Qu’avons-nous comme «deuxièmement, a contrario» ? Si, du côté du «premièrement»,
nous avons «une connaissance intégrale et certaine [qui] peut avoir lieu», quel est le
contraire d’une «connaissance intégrale et certaine» ? Si, «premièrement», c’est vraiment
«une connaissance intégrale et certaine [qui] peut avoir lieu», et non «toute connaissance
intégrale et certaine [qui] peut avoir lieu», alors la locution «une connaissance intégrale et
certaine peut avoir lieu» n’a pas de contraire. Mais elle a une sous-contraire en : «une
connaissance intégrale et certaine [qui] ne peut pas avoir lieu».
Dès lors, le «deuxièmement» n’est pas «a contrario», mais «a subcontrario». La
différence est importante ; pour des contraires, si l’un est vrai, l’autre est faux, mais ils
peuvent être l’un et l’autre faux ; pour des sous-contraires, si l’un est faux, l’autre est vrai,
mais ils peuvent être l’un et l’autre vrais. Cependant, il s’impose encore de prendre en
considération le «peut» dans : «une connaissance intégrale et certaine peut avoir lieu».
13
Reconsidérons le «premièrement» :
premièrement, c'est seulement dans les connaissances qui dépendent de l'homme, à
savoir les connaissances mathématiques, sociales et politiques, qu'une connaissance
intégrale et certaine peut avoir lieu, contrairement à ce qui se produit dans les
connaissances de la nature, parce que c'est seulement dans ces premières disciplines que
l'homme maîtrise les conditions de production des phénomènes, alors que l'homme ne
produit pas la nature et qu'il se contente de l'observer ;
Jean Lassègue oppose «les connaissances qui dépendent de l'homme» et «les
connaissances de la nature» selon un «contrairement». Considérons le premier membre
de l’opposition : «c'est seulement dans les connaissances qui dépendent de l'homme (...)

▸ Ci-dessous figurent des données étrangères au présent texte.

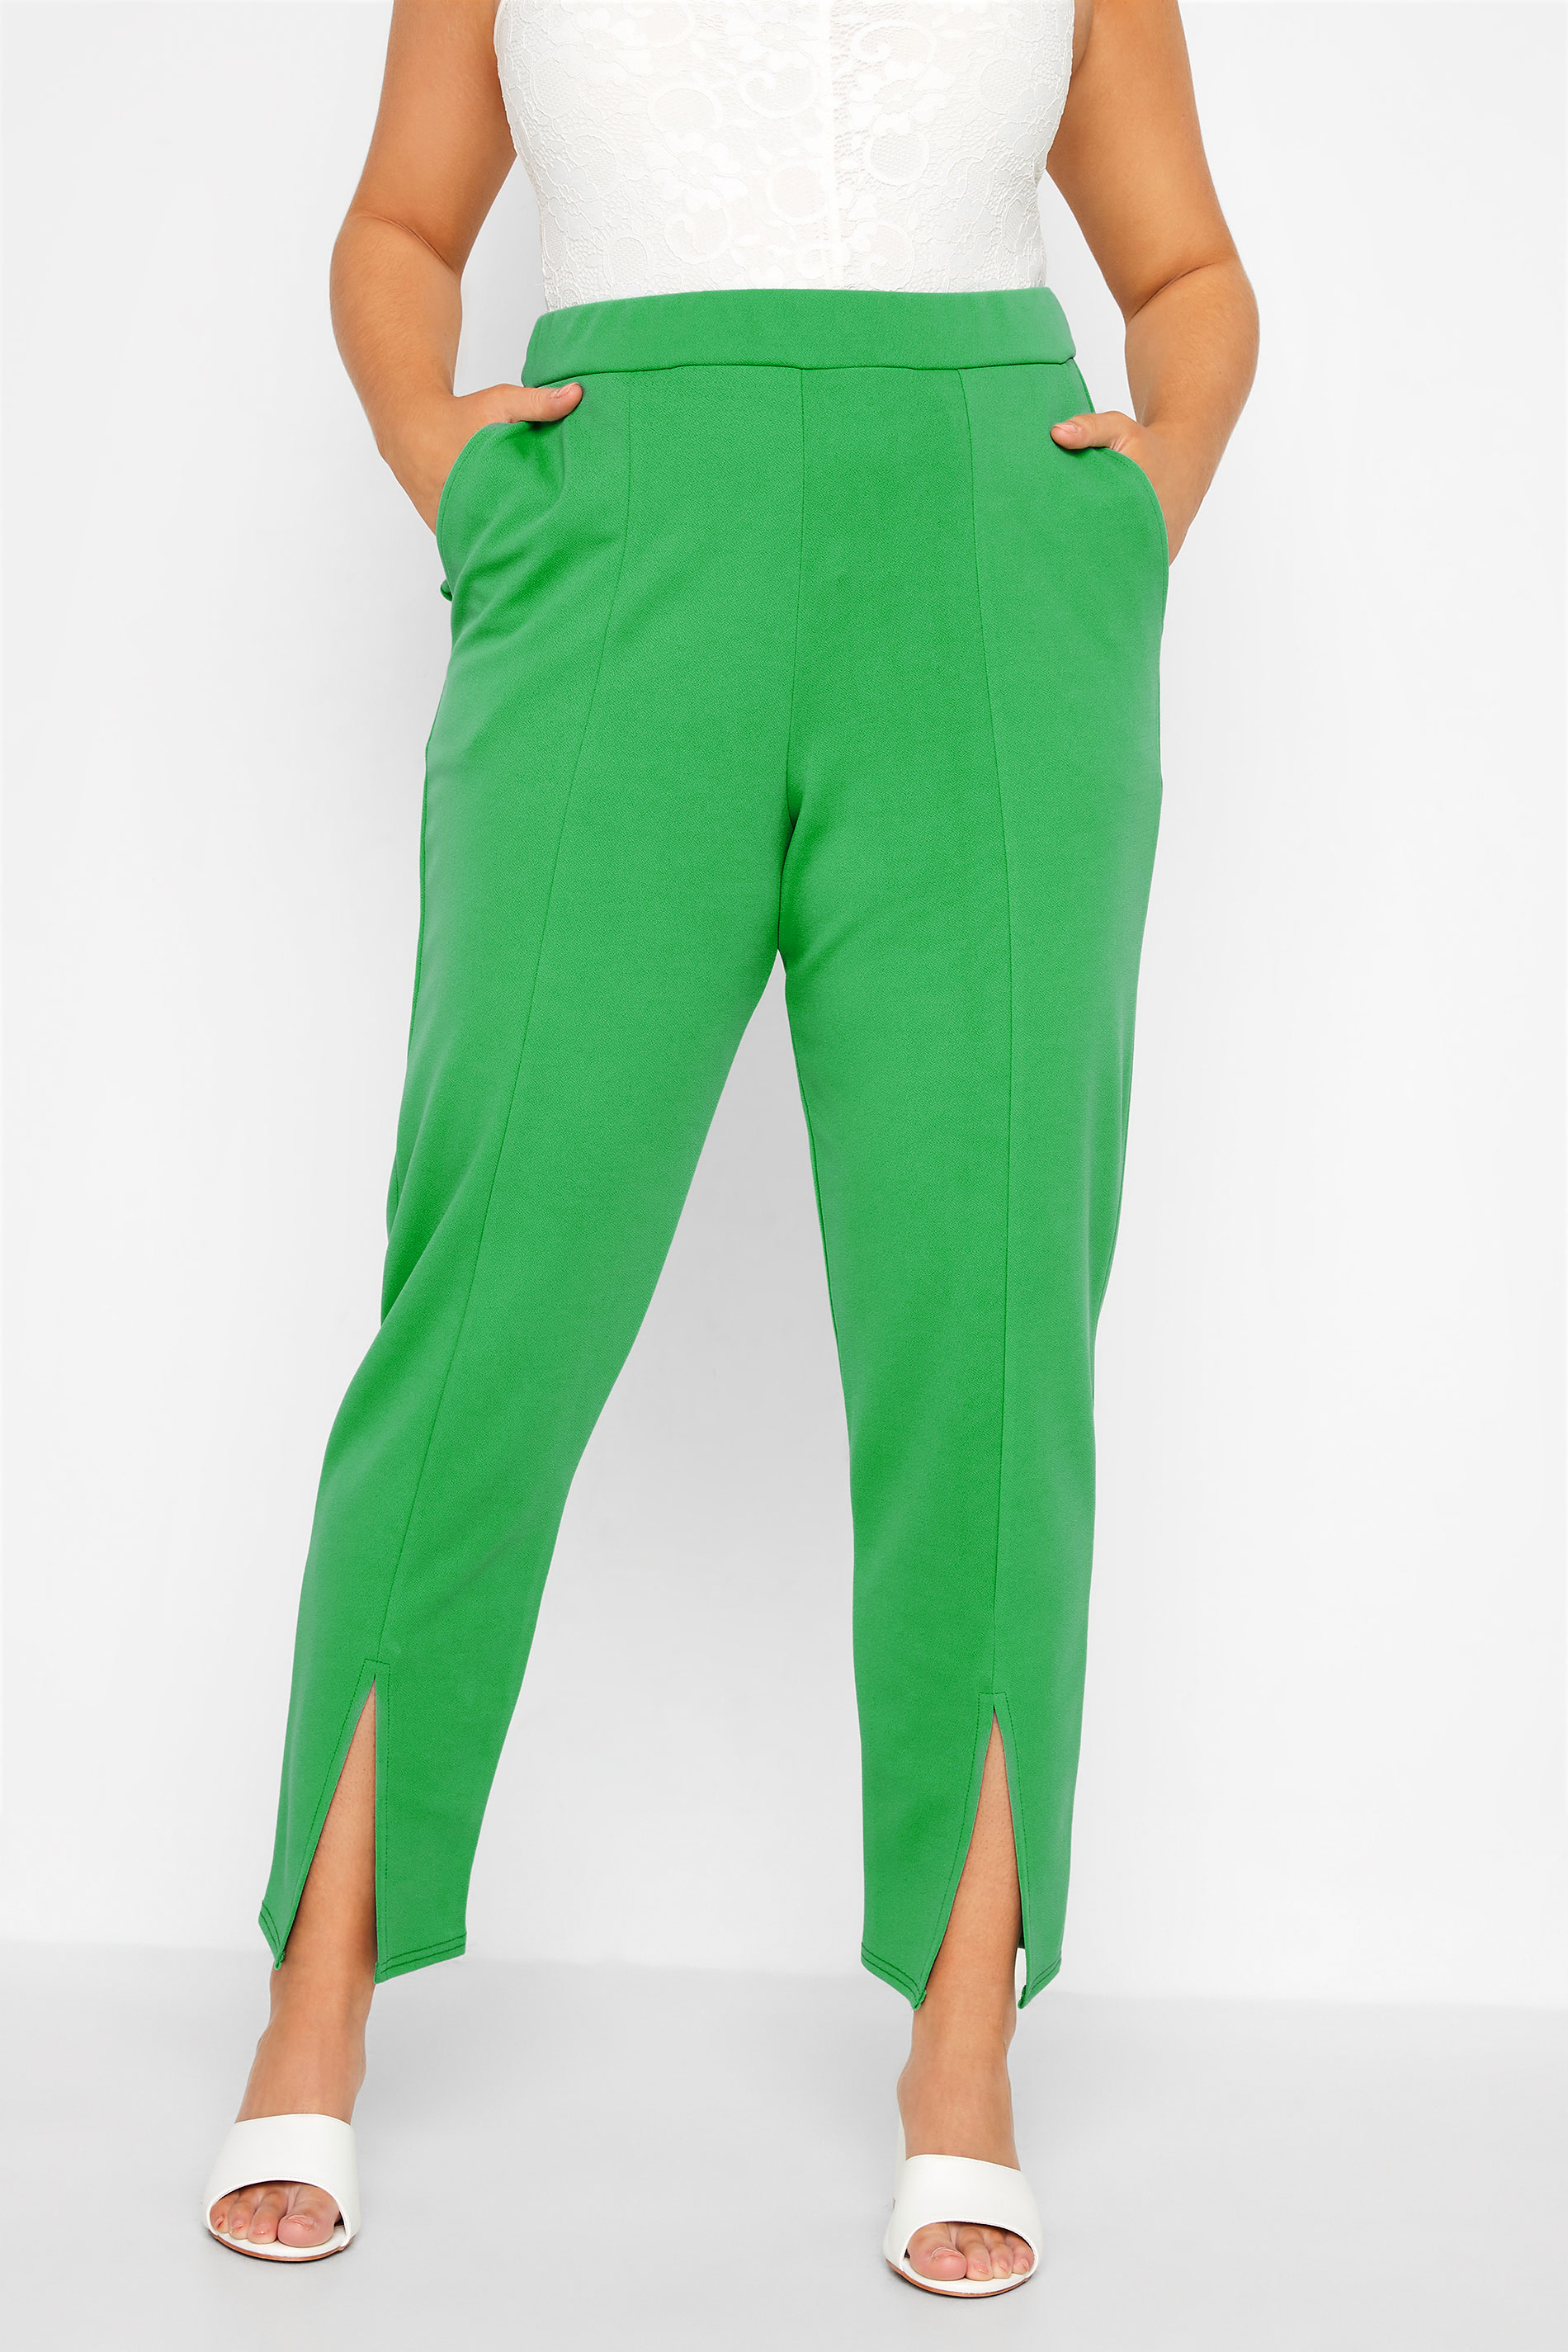 LIMITED COLLECTION Curve Bright Green Split Hem Tapered Trousers_A.jpg

qu'une connaissance intégrale et certaine peut avoir lieu». Réécrivons l’énoncé comme
suit : «Une connaissance intégrale et certaine peut avoir lieu seulement dans les
connaissances qui dépendent de l'homme». Alors, que veut dire Jean Lassègue quant au
«peut» :
1. est-ce : «Il est nécessaire qu’une connaissance intégrale et certaine [ait] lieu (...) dans les
connaissances qui dépendent de l'homme» ?

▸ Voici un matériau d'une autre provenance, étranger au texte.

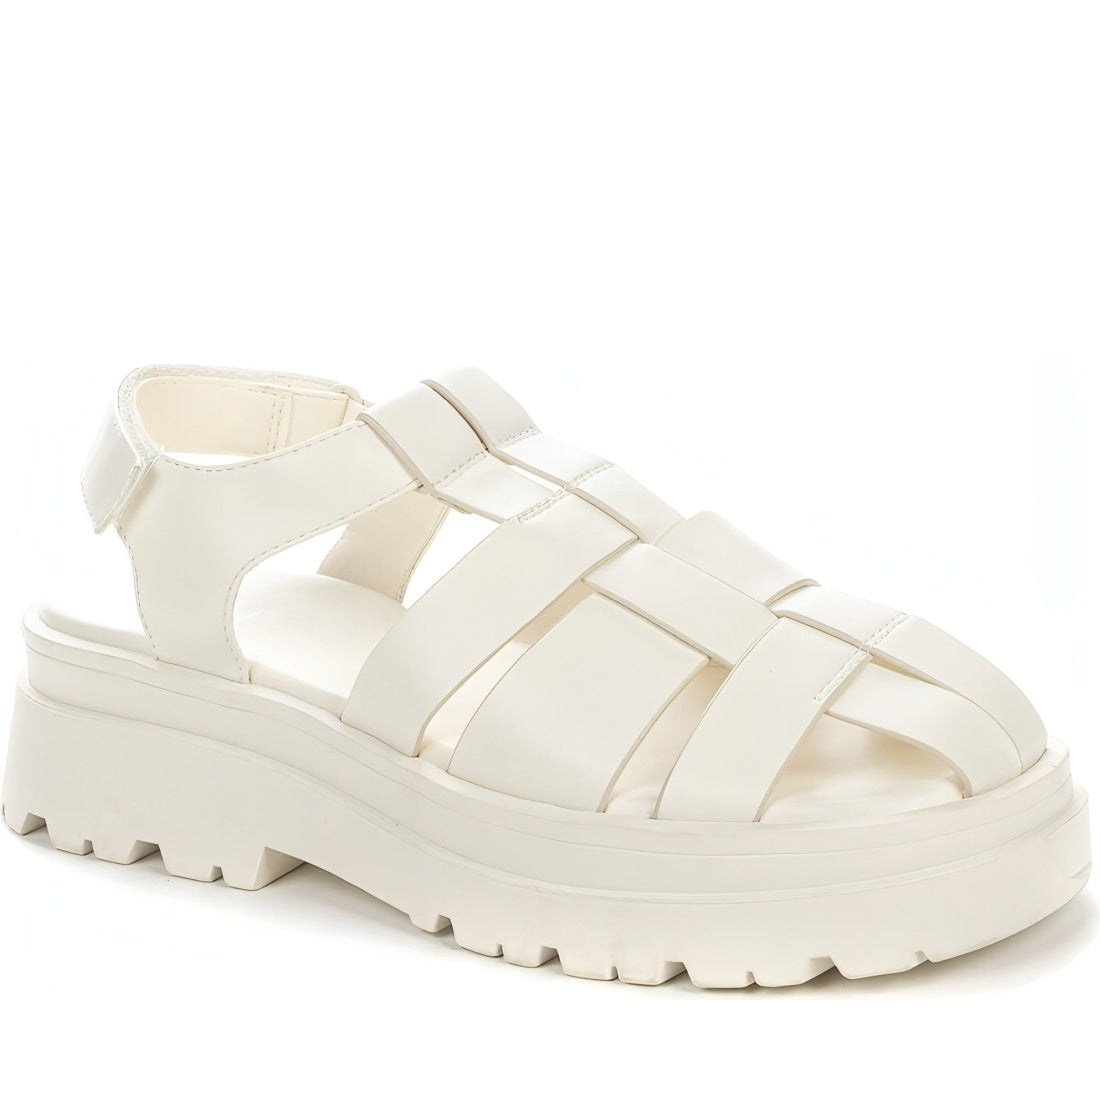 BETSY womens white casual open sandals | Vilbury London

2. ou est-ce : «Il est possible qu’une connaissance intégrale et certaine [ait] lieu (...) dans les
connaissances qui dépendent de l'homme» ?

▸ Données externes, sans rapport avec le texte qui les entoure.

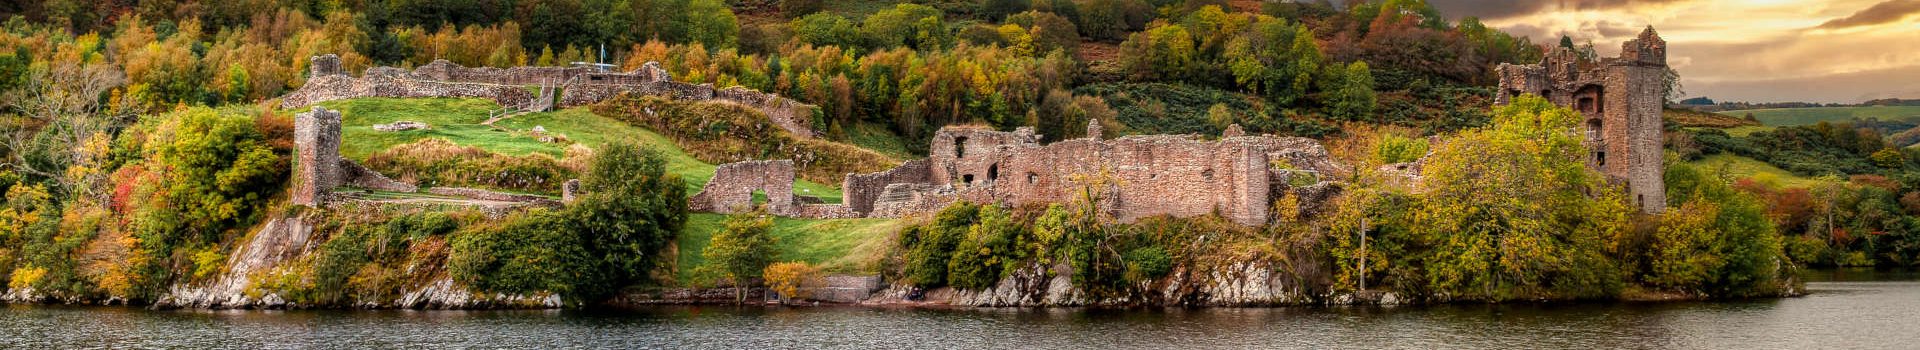 View of Urquhart Castle and Loch Ness in the Highlands of Scotland

Si «dans ces premières disciplines (...) l'homme maîtrise les conditions de production
des phénomènes», alors il est nécessaire qu’une connaissance intégrale et certaine [ait]
lieu (...) dans les connaissances qui dépendent de l'homme. Il est même nécessaire
qu’une connaissance qui a lieu dans les connaissances qui dépendent de l'homme soit
intégrale et certaine. C’est même de toute connaissance qui a lieu dans les
connaissances qui dépendent de l'homme qu’il est nécessaire qu’elle soit intégrale et
certaine.
Considérons : «Il est nécessaire que toute connaissance qui a lieu dans les
connaissances qui dépendent de l'homme soit intégrale et certaine». Sa contraire est : «Il
est nécessaire que toute connaissance qui a lieu dans les connaissances qui dépendent
de l'homme ne soit pas intégrale et certaine». Puisque Jean Lassègue préfère s’exprimer
avec «peut», nous pouvons réécrire ces contraires comme suit :
1. «Il n’est pas possible que toute connaissance qui a lieu dans les connaissances qui dépendent de
l'homme ne soit pas intégrale et certaine».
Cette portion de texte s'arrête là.